He rubbed his handkerchief carefully over every article that he replaced in Grahame’s pockets, to remove possible finger-prints. The woods remained very quiet. To be sure, as the effect of the single shot wore away, there were little sounds near by. An old dog squirrel barked reassuringly, and his wife and relations came out of their holes and went about their businesses. A partridge that had frozen into stillness at the sound of the shotgun came to life and darted to a more promising spot. Colby heard it scratching and rustling among the fallen leaves.

It whirred off into nowhere when he picked Grahame up, however, and the squirrels lapsed abruptly into utter silence when his feet crackled on leaves and small branches as he staggered toward the stream with his burden.

Twenty yards, no more. He had seen the glitter of the stream curving toward the footpath before he shot Grahame. It was an unimportant little watercourse, nowhere more than half a dozen paces across, and it murmured and sang pleasantly to itself over its gravelly bed.

Colby went painstakingly down to its margin. He knew exactly where he was and what he was going to do. After a heavy rain the stream ran with a strong current. It was always carving at its banks or making minor changes in them, and at one spot it had undermined the six-foot clay wall which confined it so that a hollow of considerable depth was roofed over only by tree roots and the earth on top of them. Sooner or later that roof would cave in.

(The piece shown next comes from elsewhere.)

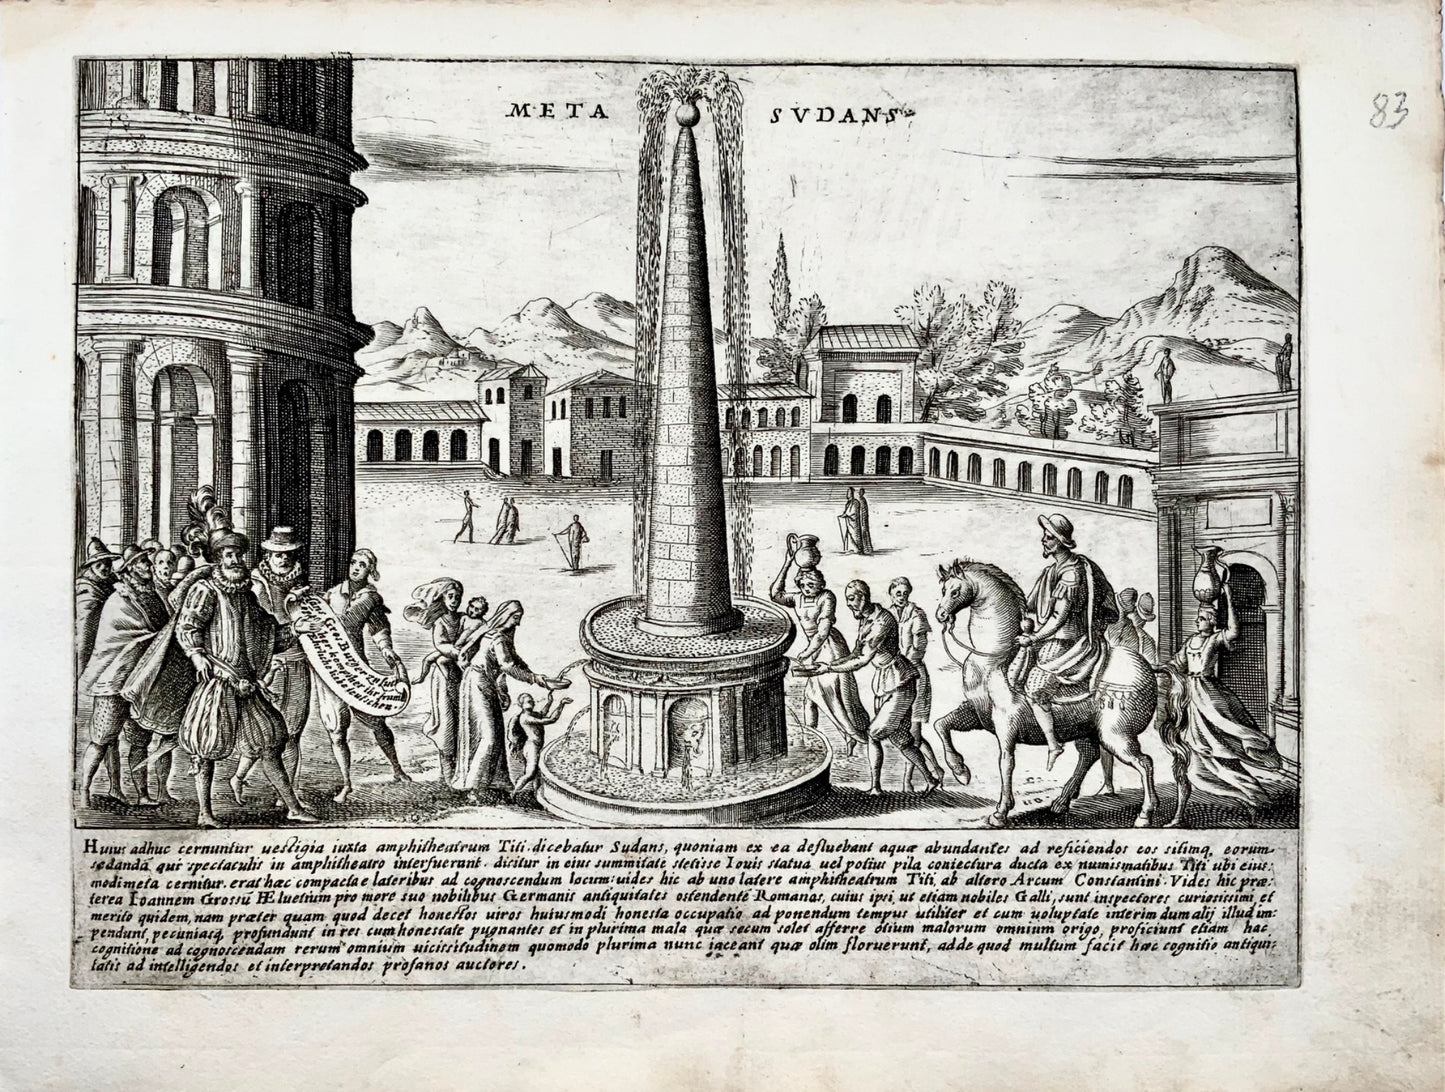 1624 Lauro, Meta Sudans, near Colosseum, Rome Italy, Copper engraving

It was easy to push the dead body into the hollow, where it was well hidden. Few people ever came near this place, anyhow. No one would ever dream of creeping in there and risking a cave-in for no purpose. With one single rain of any size, the roof would probably collapse and bury Grahame securely. No one would ever think of looking for a missing man under a cave-in of that sort.

Colby climbed up the bank and tested the roof with his foot. It quivered promisingly. He stamped. He stamped harder. With a sticky thumping of rain-softened earth, it gave way. Small rootlets snapped, falling earth cascaded, and Grahame was safely buried under three feet of soil.

There was absolutely no suspicious sign above. The cave-in looked perfectly natural. No searching party would ever dream of anything hidden under there. No searching party would ever look for Grahame, anyhow. He had come up from Richmond by train, and had ostensibly gone out to hunt with Colby. Colby would explain that as they walked back along the concrete road toward town, a car had come by, headed for Richmond, and in it was an acquaintance of Grahame’s. The man had hailed Grahame and offered a lift, which the latter had taken.

There would be no inquiry, no investigation. There was no need for anything of the sort. It was unlikely that any one in Richmond knew where Grahame had gone.

After Colby had spent twenty minutes clearing away tracks and had carefully dropped one or two blood-spattered leaves into the hollow of a double-trunked poplar, there was absolutely no evidence of a murder anywhere except under that collapsed bank. There was the money in Colby’s pocket, of course, but nobody would know anything about that for a long time—not even Nesbit.

Colby had done his murder in an absolutely perfect way. As you see, this story is instructive.